Positives and Negatives of Owning a Franchise
The technique of utilizing another company's successful business model is known as franchising. For the franchisee, a franchise provides an alternative to creating "chain stores" to distribute goods, which avoids the investments and liabilities associated with a chain.
There are three types of franchises: business model, product, and manufacturing, each of which runs differently. However, the discussion will center on the benefits and drawbacks of owning a franchise. There are both pros and cons to franchising for both franchisees and franchisors.

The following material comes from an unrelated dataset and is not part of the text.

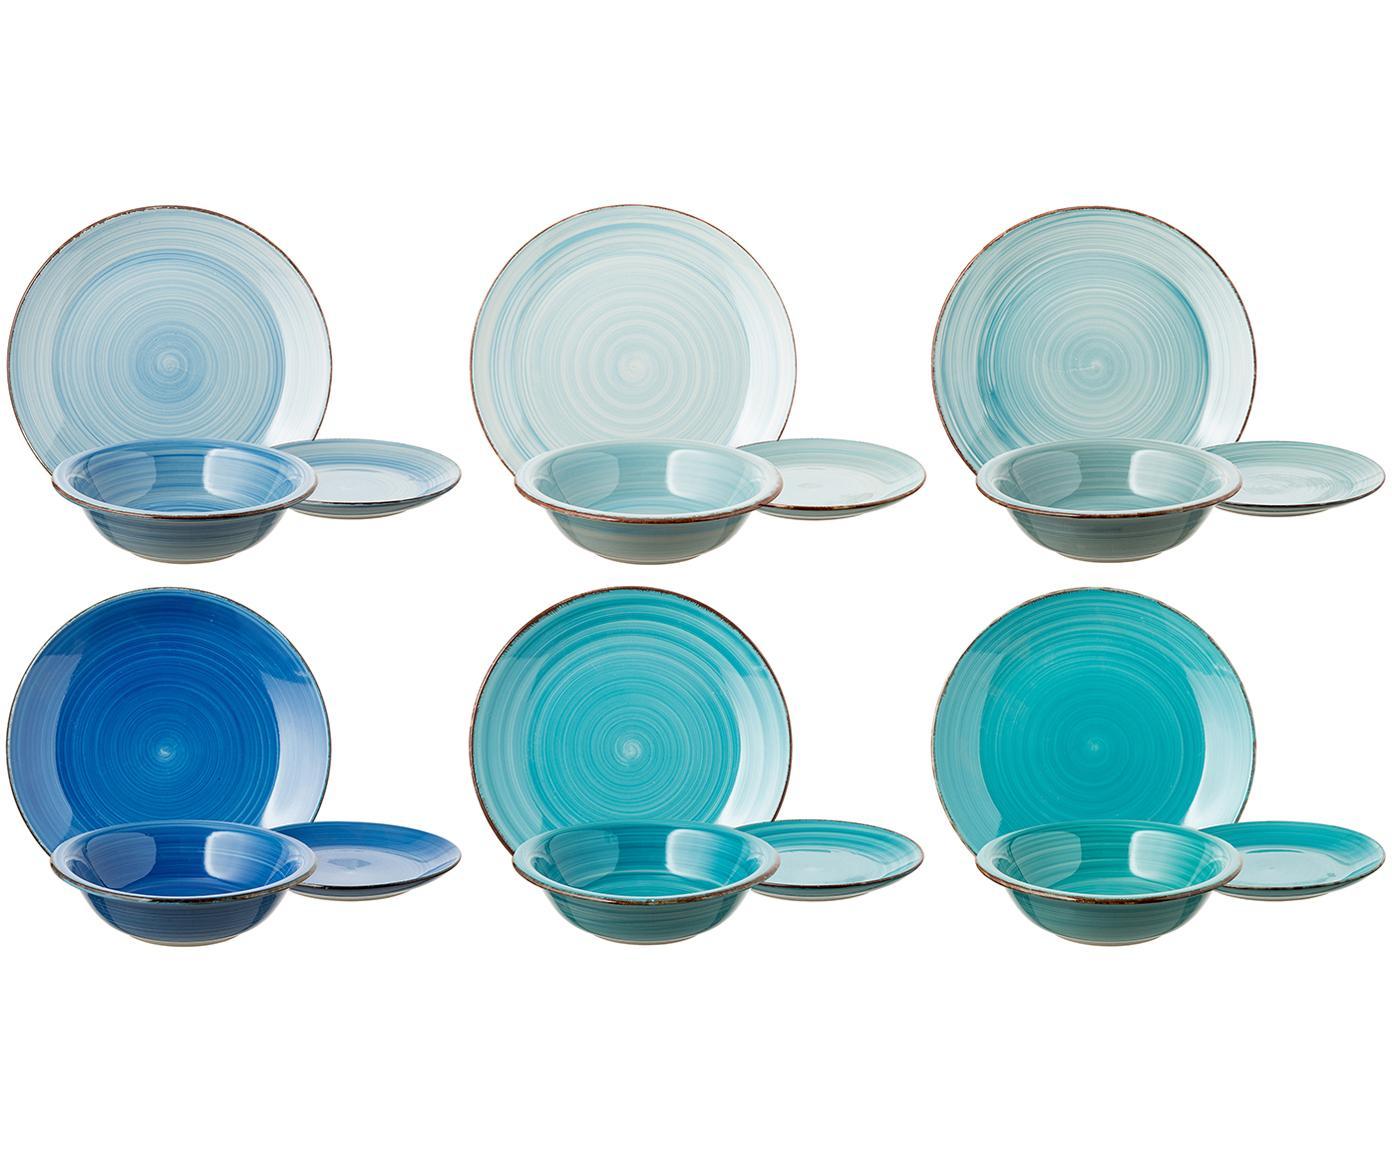 Set 18 piatti in tonalità blu Baita, 6 persone, Terracotta (Hard Dolomite), dipinto a mano, Tonalità blu, menta, turchesi, Diverse dimensioni

Franchising is based on a marketing concept that can be advocated by a corporate entity as a method of expansion. When used, a franchise owner (franchisor) licenses part or all of his or her skills, business model, intellectual property (IP), and rights to trade his or her branded products and services to a franchise buyer (franchisee). In exchange, the franchisee pays fees and commits to specific commitments, which are usually specified in an agreement.
The benefits of having a franchise as a Franchisor are as follows:
Building a franchise allows for organic expansion with no financing. The firm expands as funding is obtained from franchisees through fees rather than loans.
Growth that is efficient
Opening many branches can be a challenging job that is both financially and time-consuming. Franchising can help by distributing the responsibility to another business owner. The process grows more efficient, relieving the initial business owner of obligation.
Enhanced brand awareness
Furthermore, franchising helps to raise brand exposure. Because the brand's footprint has grown, more individuals are becoming aware of it. This increased brand recognition of a franchise with more stores can be extremely beneficial to both the franchisor and the franchisees. McDonald's, for example, is now renowned all over the world since they began franchising their brand. While there are numerous advantages to opening a franchise for franchisors, there are also some negatives to consider.
These disadvantages include:
Complete loss of brand control
Even though a franchise agreement may include strict limits and instructions to influence the franchisee's decisions, franchising essentially involves giving away or selling some amount of control over a brand. Franchisees will not become carbon copies of their franchisors; instead, they will think and act differently.
Increased likelihood of legal disputes
The agreement between the franchisor and the franchisee is critical to the success of a franchise. There is always the potential of legal issues when there is a legally enforceable agreement. Although one may argue that a well-drafted franchise agreement will decrease the possibility of problems, these disagreements are nonetheless possible. These disagreements may wind up in an expensive court system.
To summarize, having a franchise has advantages and disadvantages, and when faced with the decision to establish a franchise business, one should ensure that they have examined the pros and disadvantages noted above, as well as some that have been left out.